Recognizing functional groups in compounds helps predict the types of reactions the substance can undergo. For instance, alcohols are characterized by the presence of an -OH group, which readily participates in oxidation reactions. Understanding these groups is crucial for anyone studying organic chemistry because they directly influence the chemical behavior and properties of organic molecules. This knowledge is fundamental in both experimental and theoretical aspects of chemistry.

Chemical Reactions Analysis

Analyzing chemical reactions involves looking at the reactants and products involved, as well as the conditions under which the reaction occurs. It’s essential to understand both the stoichiometry and the mechanism of reactions, which describe the proportions of reactants and products, and the step-by-step process of molecular transformations, respectively.
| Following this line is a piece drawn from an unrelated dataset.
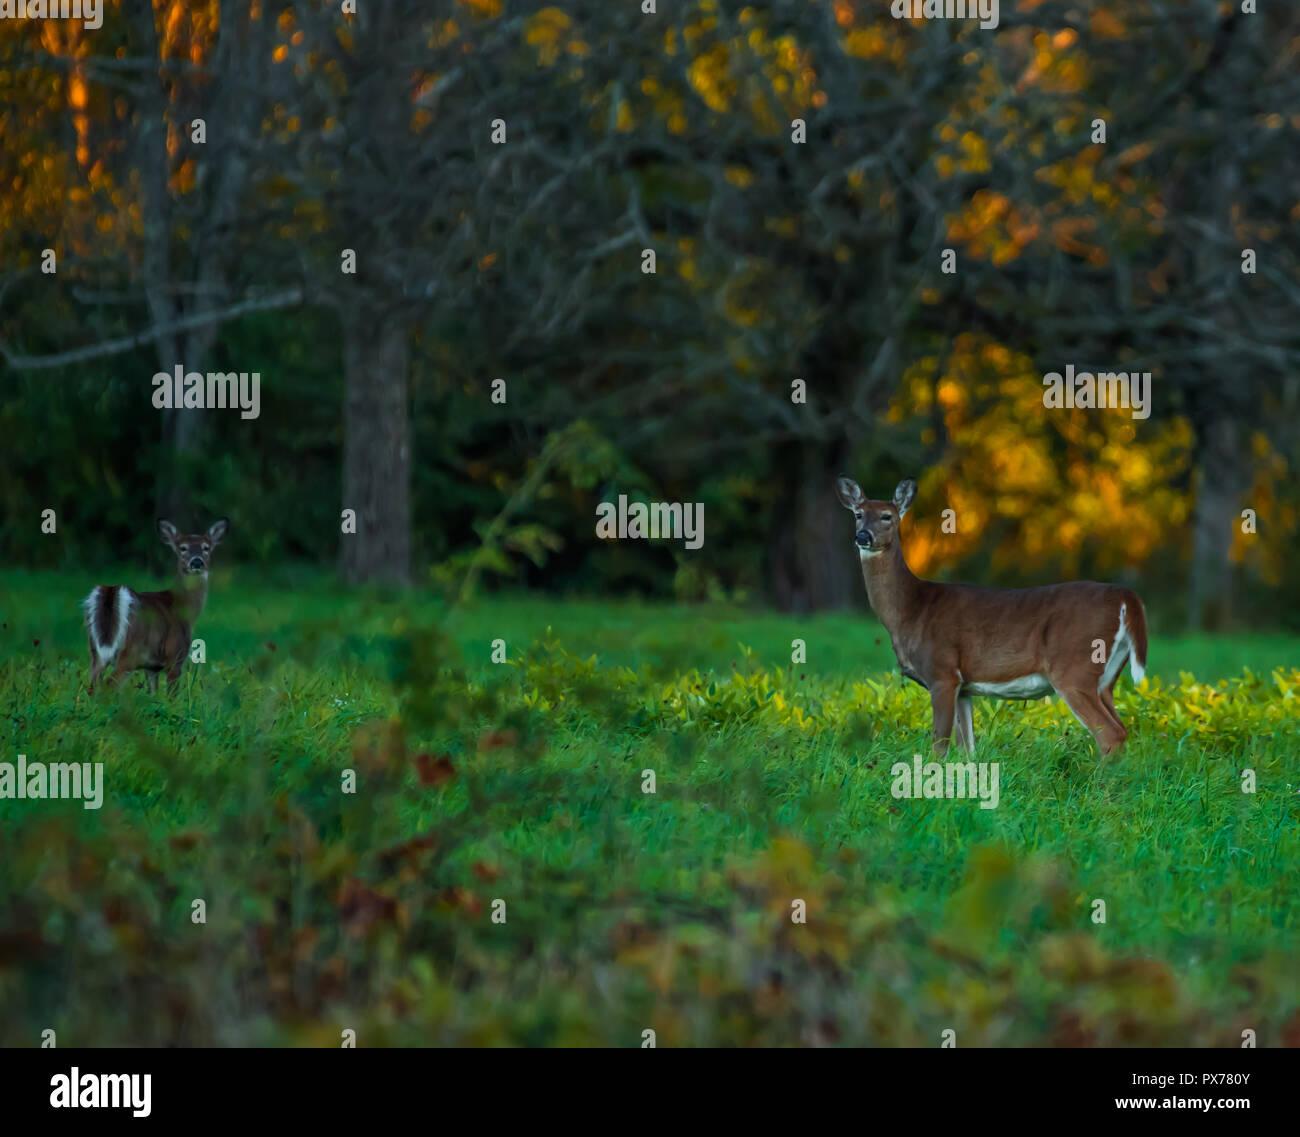 Deer in the Evening Sun - Stock Image

For instance, considering a reaction where an alcohol is oxidized to a ketone, it's important to know the specific reactants: the alcohol and the oxidizing agent. The products need to be identified correctly to ensure the reaction has proceeded as expected. The conditions, such as temperature and solvents, can significantly impact the reaction pathway and the yield. Chemical reaction analysis allows us to optimize these parameters for desired outcomes in synthesis and practical applications.